▽

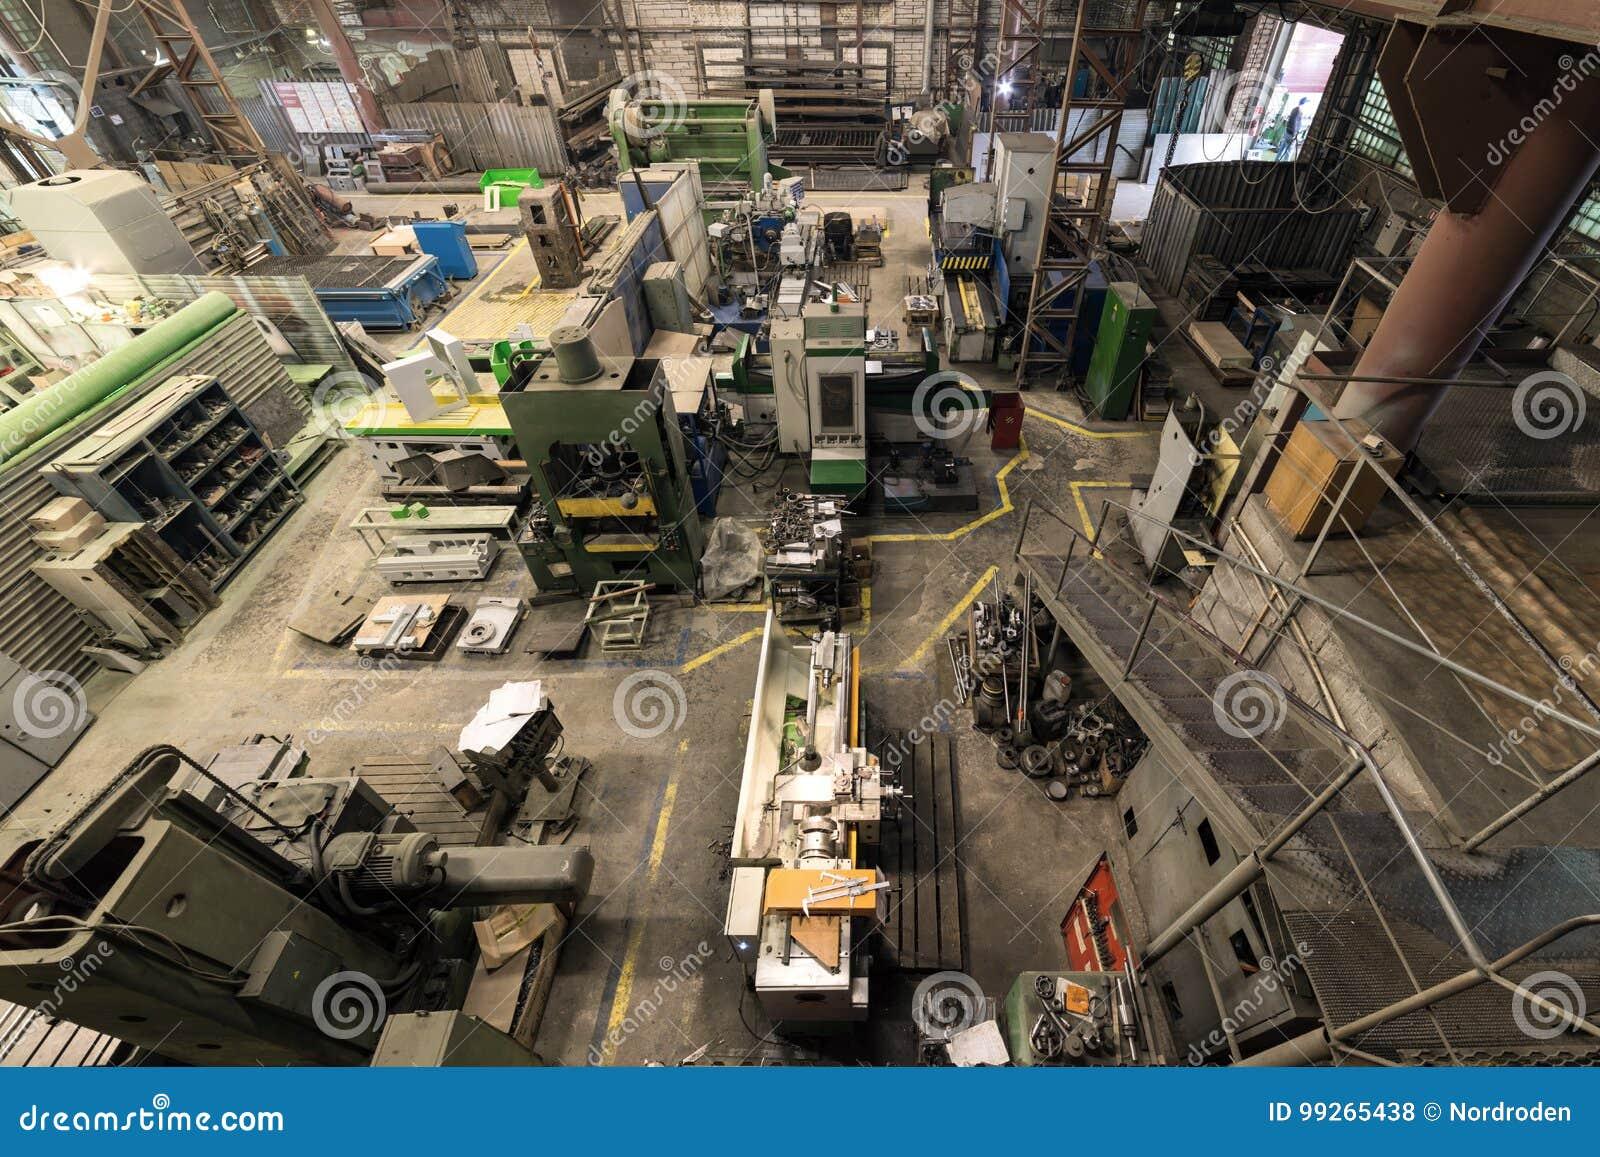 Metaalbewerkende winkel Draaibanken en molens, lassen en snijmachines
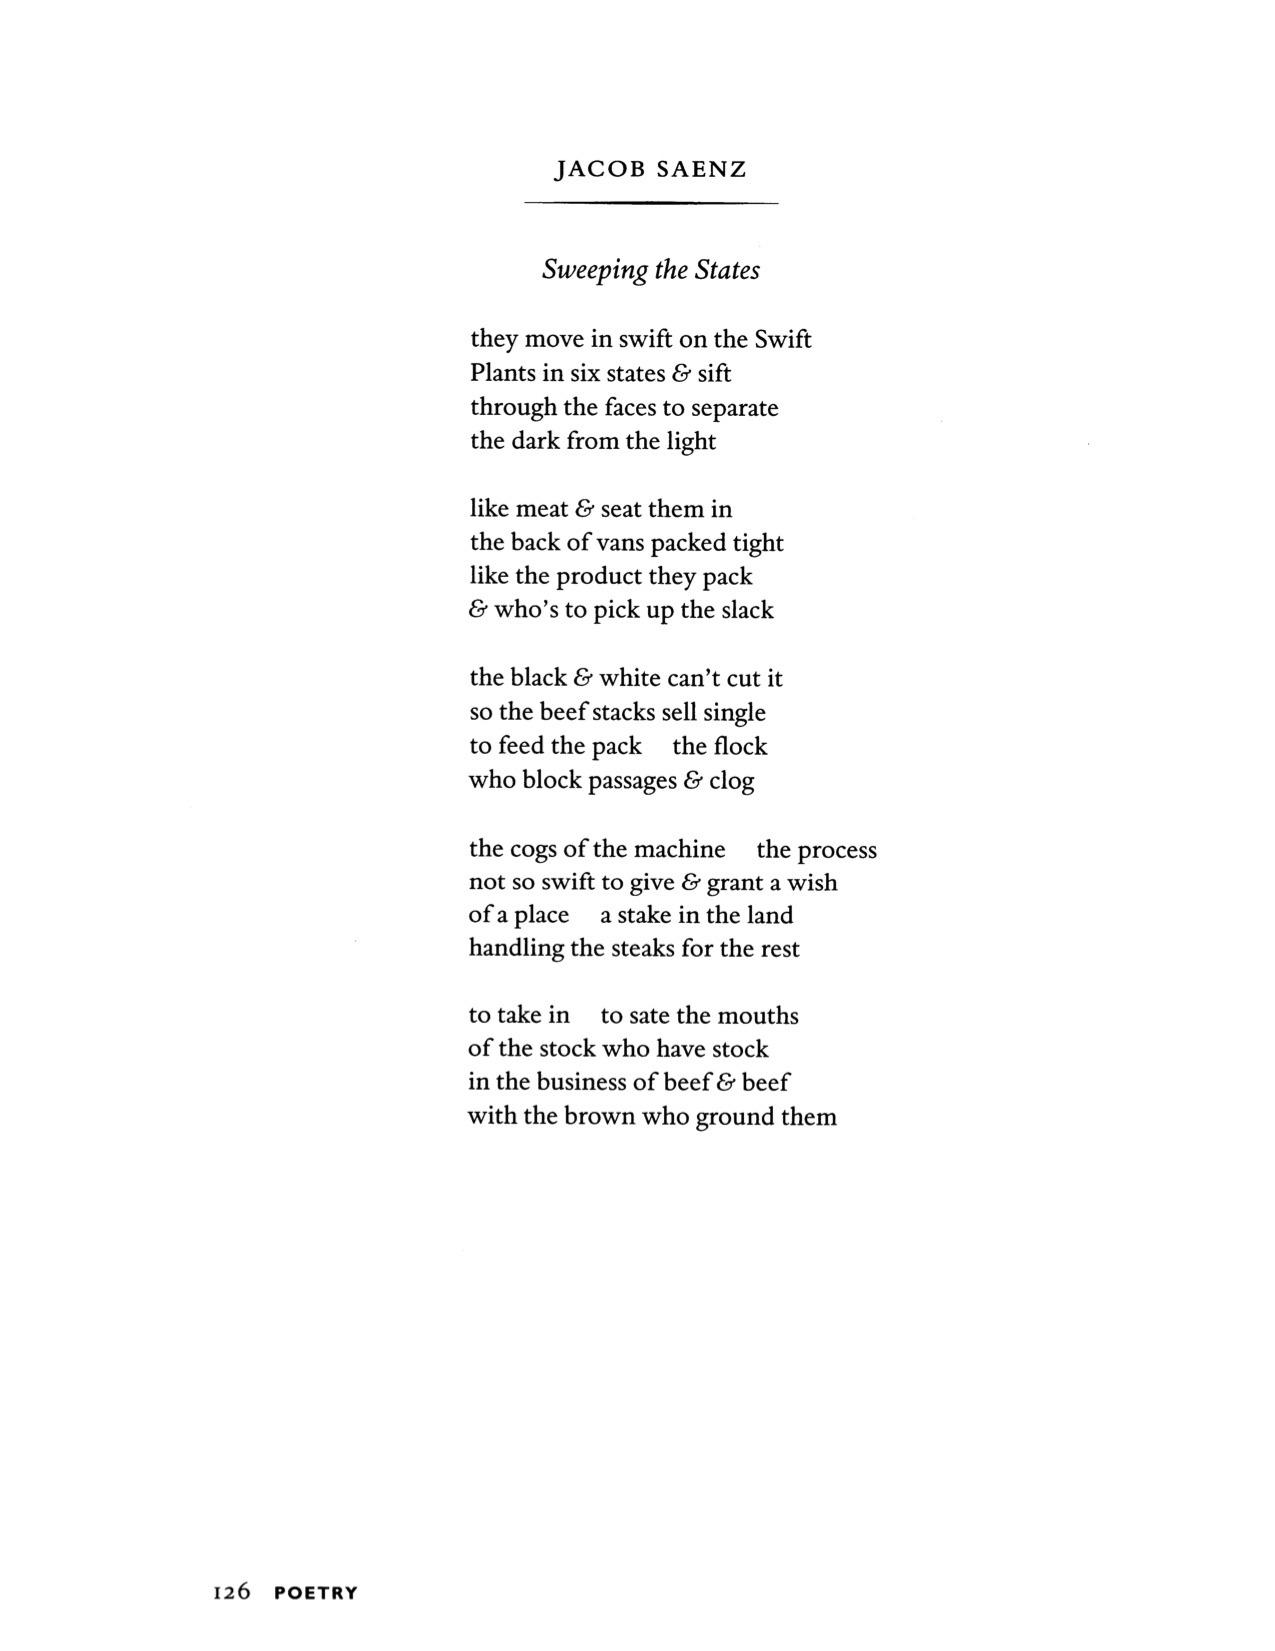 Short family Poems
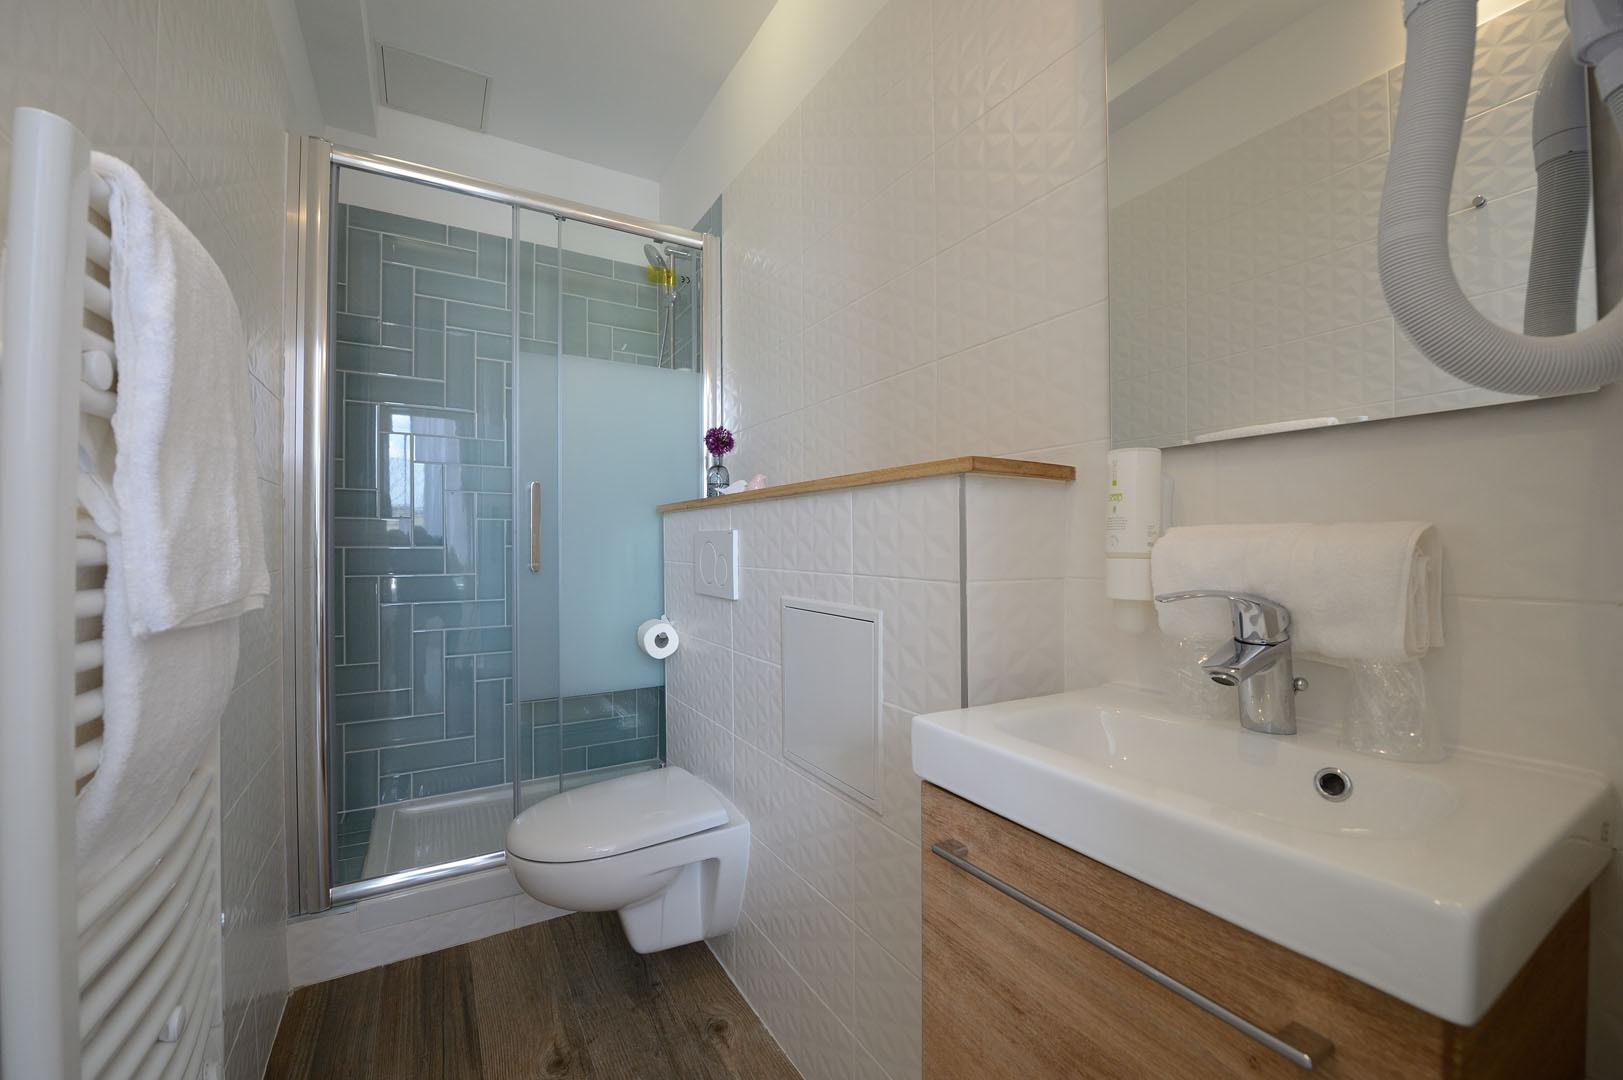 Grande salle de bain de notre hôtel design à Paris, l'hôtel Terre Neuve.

△

(To do) The line containing "Short family Poems" and every line after it, through the end of the material above, are to be printed exactly; no pictures belong in the output.

(Solution to the exercise)
 Short family Poems
 Grande salle de bain de notre hôtel design à Paris, l'hôtel Terre Neuve.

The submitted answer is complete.